Lennard Zinn is the world's leading expert on bike maintenance and repair. He is a world-renowned bicycle technician, frame builder, and tech writer for VELO magazine and VeloNews.com. Zinn was a member of the U.S. national racing team and has been riding and fixing bikes for nearly 50 years. A professional frame builder for his business Zinn Cycles, Lennard hosts the popular bike tech Q&A column on VeloNews.com.

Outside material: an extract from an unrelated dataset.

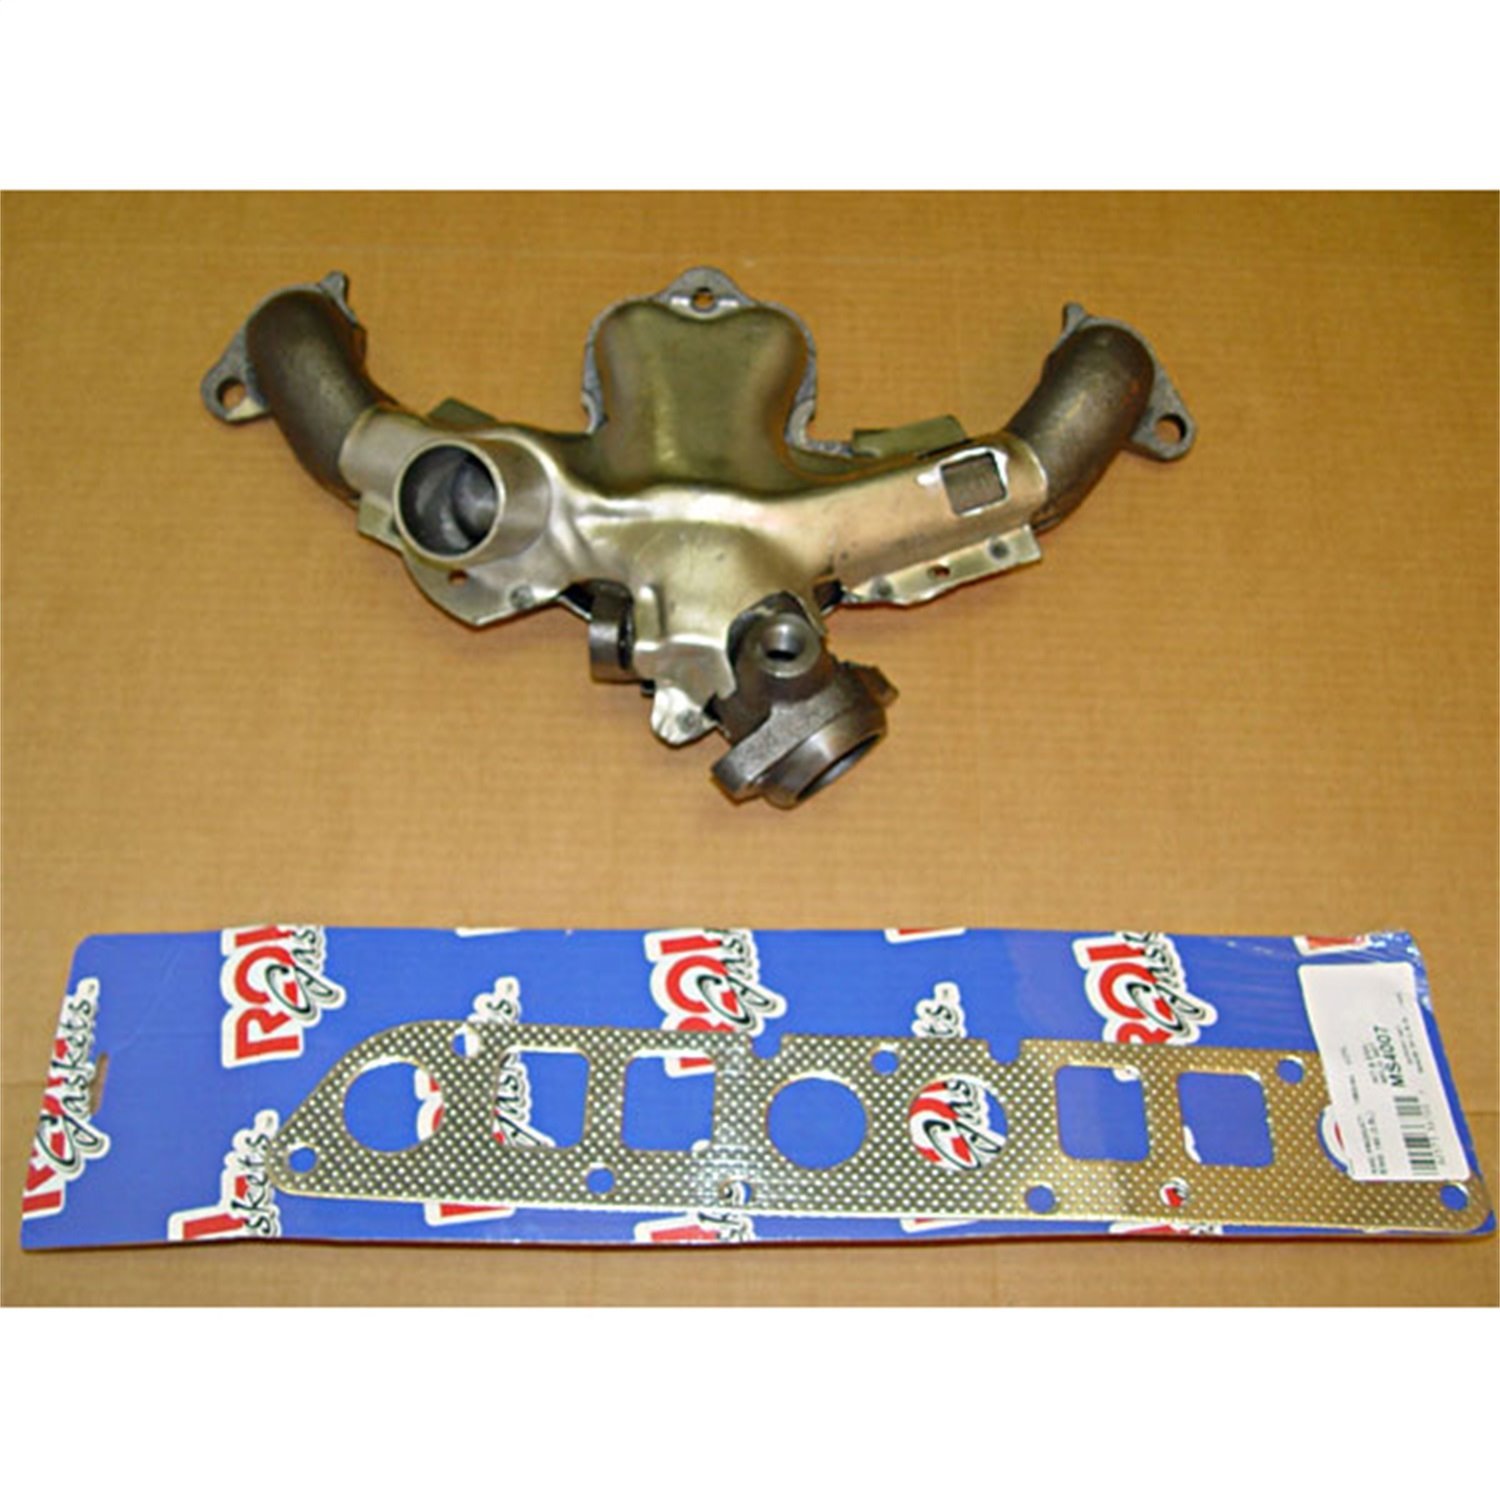 Replacement exhaust manifold kit from Omix-ADA, Fits 84-90 Jeep models with a 2.5 liter engine.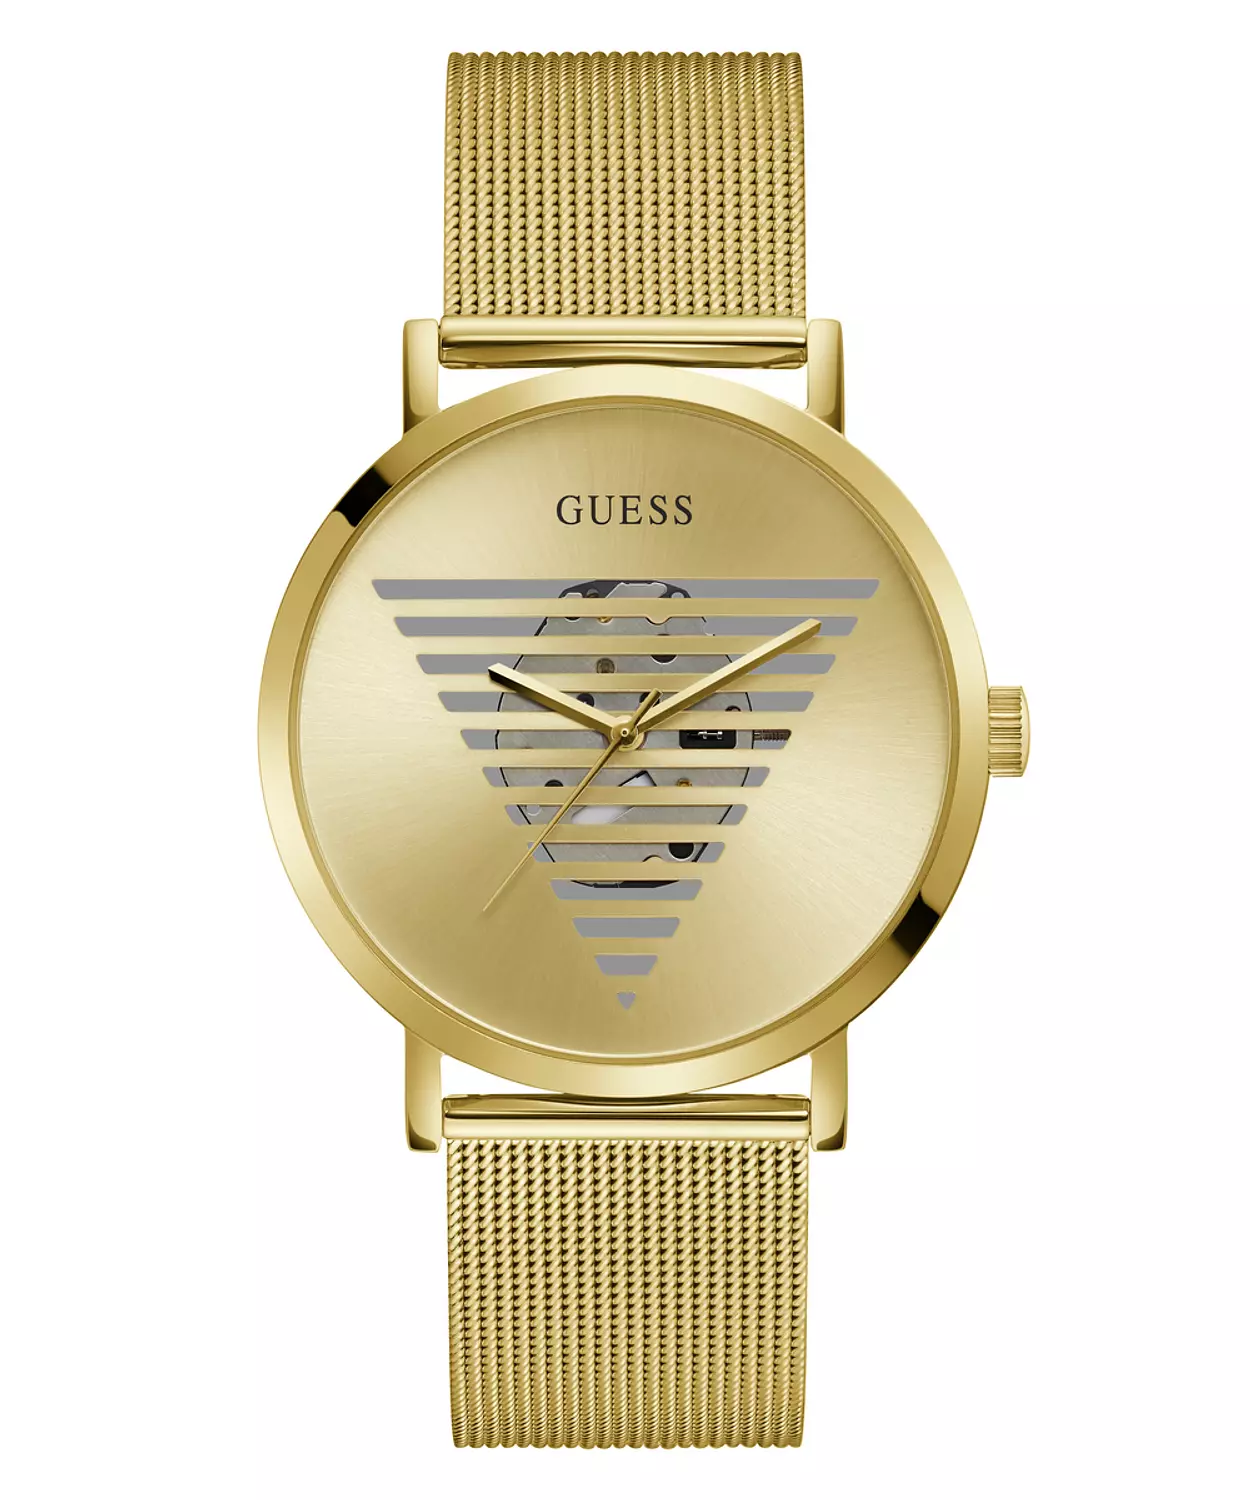 GUESS GW0502G1 ANALOG WATCH For Men Round Shape Gold Stainless Steel/Mesh Polished Bracelet 0

As with anything the proof is in the pudding. My recent crash at Strada Rosso prompted me to sit down and actually figure out how to dial in my SRAM chainset. SRAM was new to me as all my bikes have Shimano but while the pieces are in different places the principles were the same. I pulled the book off the shelf sat down and read it. Then with the book in hand I approached the bike. 20 minutes I was set, Rear Derailleur mastered. My only reference point was the book! Mission accomplished!


The book is broken down into 17 key areas these range from emergency Repairs to specific areas of the bike i.e. Forks or Pedals. Within each section there are sub sections which relate to the specific items in hand, in my case above I started with Section 5 cable actuated Shifting Systems then 5.3 Adjustment of Rear Derailleur and Right Hand Shifting…slow down and read the manual! Seriously easy! Each Chapter lists the tools I need and each major task has a Complexity level. This way you won’t find yourself in the deep end with no tools and an anvil tied around your ankle! There are plenty of hand drawn illustrations and a picture is always worth a 1000 words, many of which have exploded views. Personally I find these easy to understand than photographs which can be confusing.

Available everywhere, the MSRP is $26.95 I am sure this will drop in a few months.

This is definitely a book you need to have on your bookshelf and for the price of a couple of inner-tubes you can!